Let’s look at each of those points in turn. As The Pharmaceutical Journal observed, in September 2024, the Professional Standards Authority (PSA) failed the GPhC on its standard for FtP timeliness for the sixth year in a row, saying that it was “taking too long to progress FtP investigations”, while also acknowledging that there had been a “30% year-on-year increase in FtP referrals received [by the GPhC] since 2022”.
Untimely FtP investigations are widespread in the field of life sciences professional regulation. In August 2024, a feature written by The Pharmaceutical Journal‘s news editor Graham Clews and investigations editor Sophie Willis looked at the scale and scope of this issue for the GPhC.
On the GPhC claim that the COVID-19 pandemic increased its case backlog owing to “increased workload and costs” — I’m sorry, what?
In January 2025, Roz Gittins and Dionne Spence, chief pharmacy officer and chief enforcement officer at the GPhC, respectively, wrote for The Pharmaceutical Journal about the GPhC’s efforts to improve FtP inspections and processes.
While this makes fair points about the time that legal processes take, you also do not have to read very far between the lines to see that these two individuals inherited an FtP system that was evidently not working adequately, and had not been for some time. That is firmly on the GPhC’s internal quality control processes.
On the GPhC claim that the COVID-19 pandemic increased its case backlog owing to “increased workload and costs” — I’m sorry, what?
There was little of professional activity overall that did not have to move online during the pandemic. If actual law courts managed it reasonably effectively, it is not at all clear why the GPhC could not have done so for FtP work. This is a completely bogus excuse.

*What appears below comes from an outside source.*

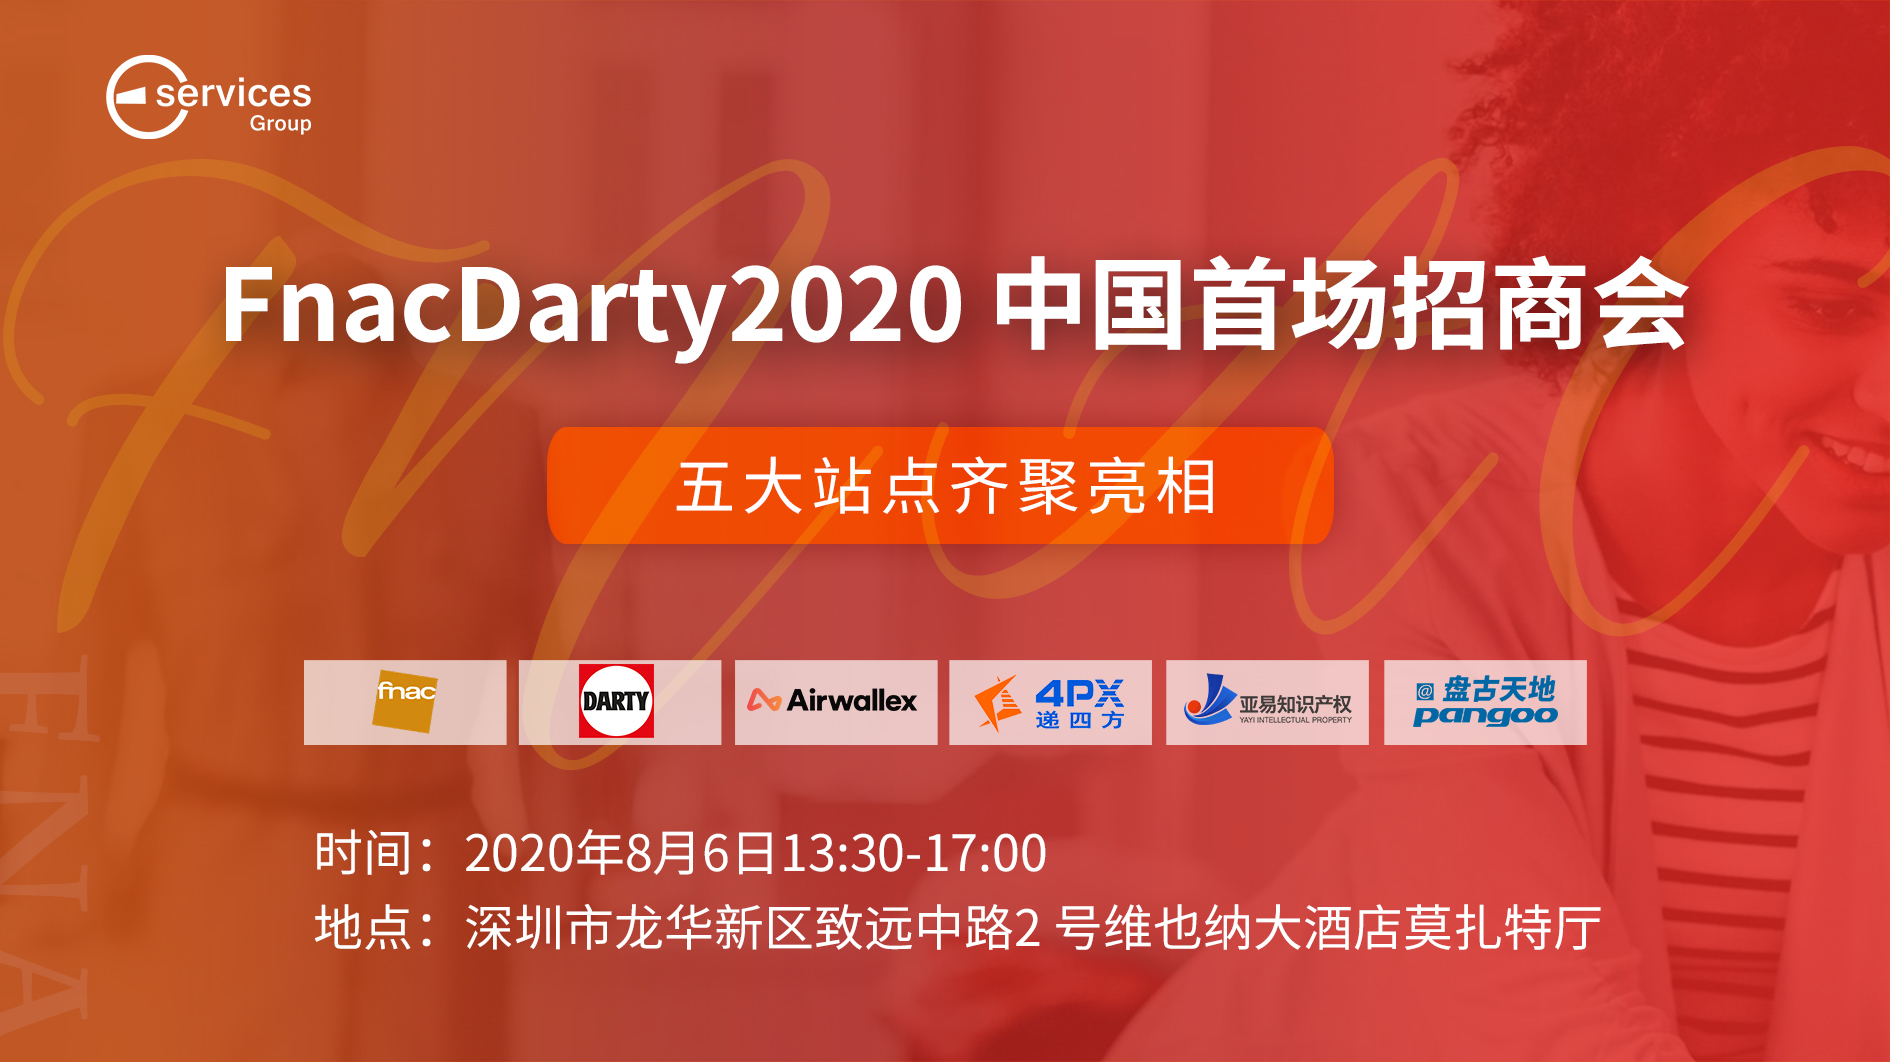 FnacDarty2020中国首场招商会 ——五大站点齐聚亮相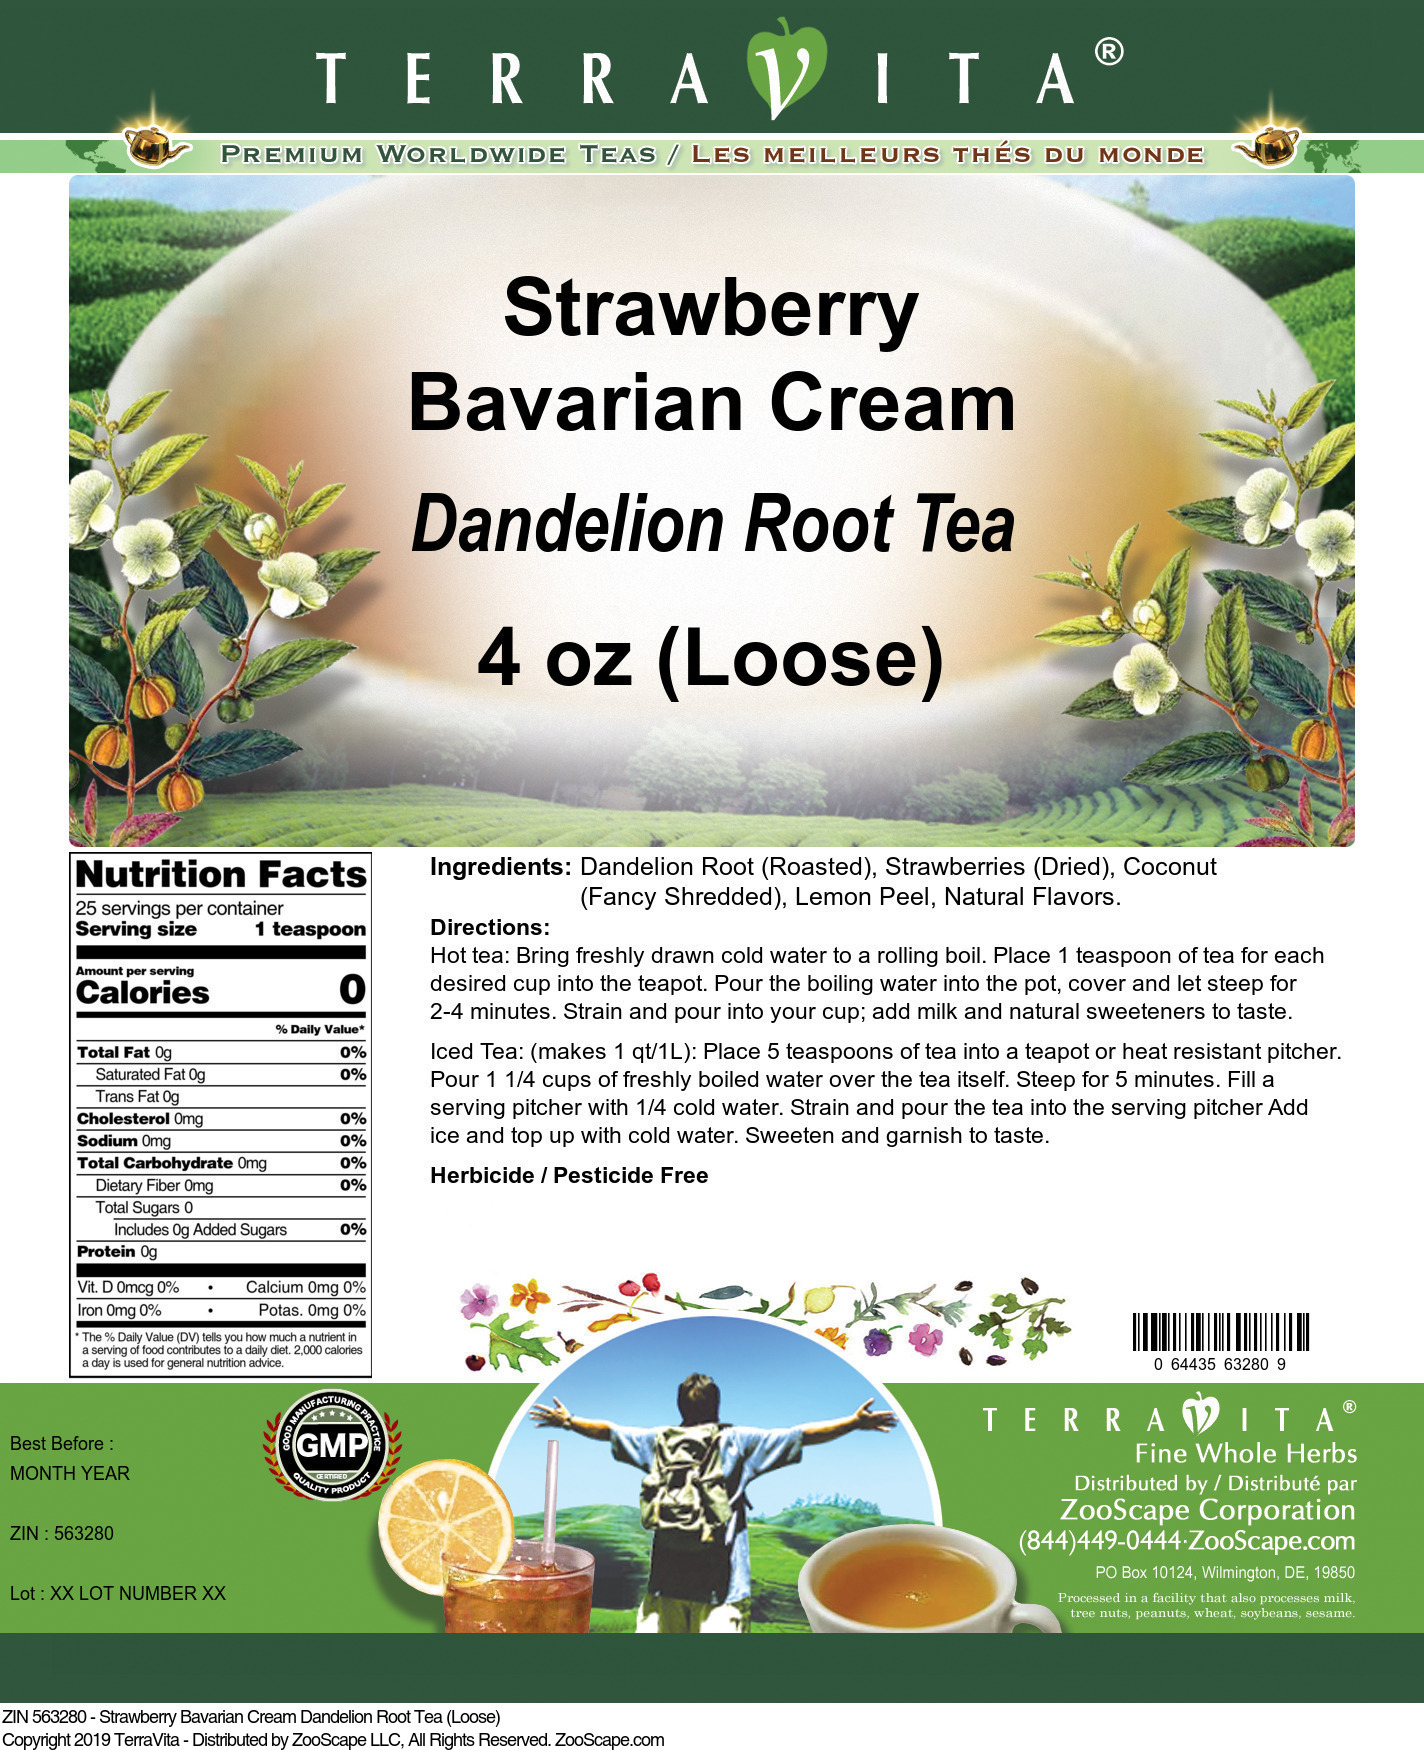 Strawberry Bavarian Cream Dandelion Root Tea (Loose) - Label

Finally, the GPhC’s article also mentions “the much-awaited update to guidance on providing pharmacy services online” as one example where “having focused on improving internal ways of working in 2024, we are hopeful that in 2025 our improvements will be felt more, externally”.
Online pharmacy is not even vaguely new. Pharmacy2U began operating in 1999. It is unclear that the actual regulatory issues can by 2025 be in any way novel or surprising. The GPhC has had 25 years to get up to speed with this.
Regulation is a legal process, which gives the terms of references for a conclusion. The case for these rises might be acceptable on the balance of probabilities, but it is certainly not proven beyond reasonable doubt. If I were a pharmacist, I would want to be very confident that the GPhC was thoroughly reforming its internal processes and procedures before I would be content (probably grudgingly) to give them this catch-up cash.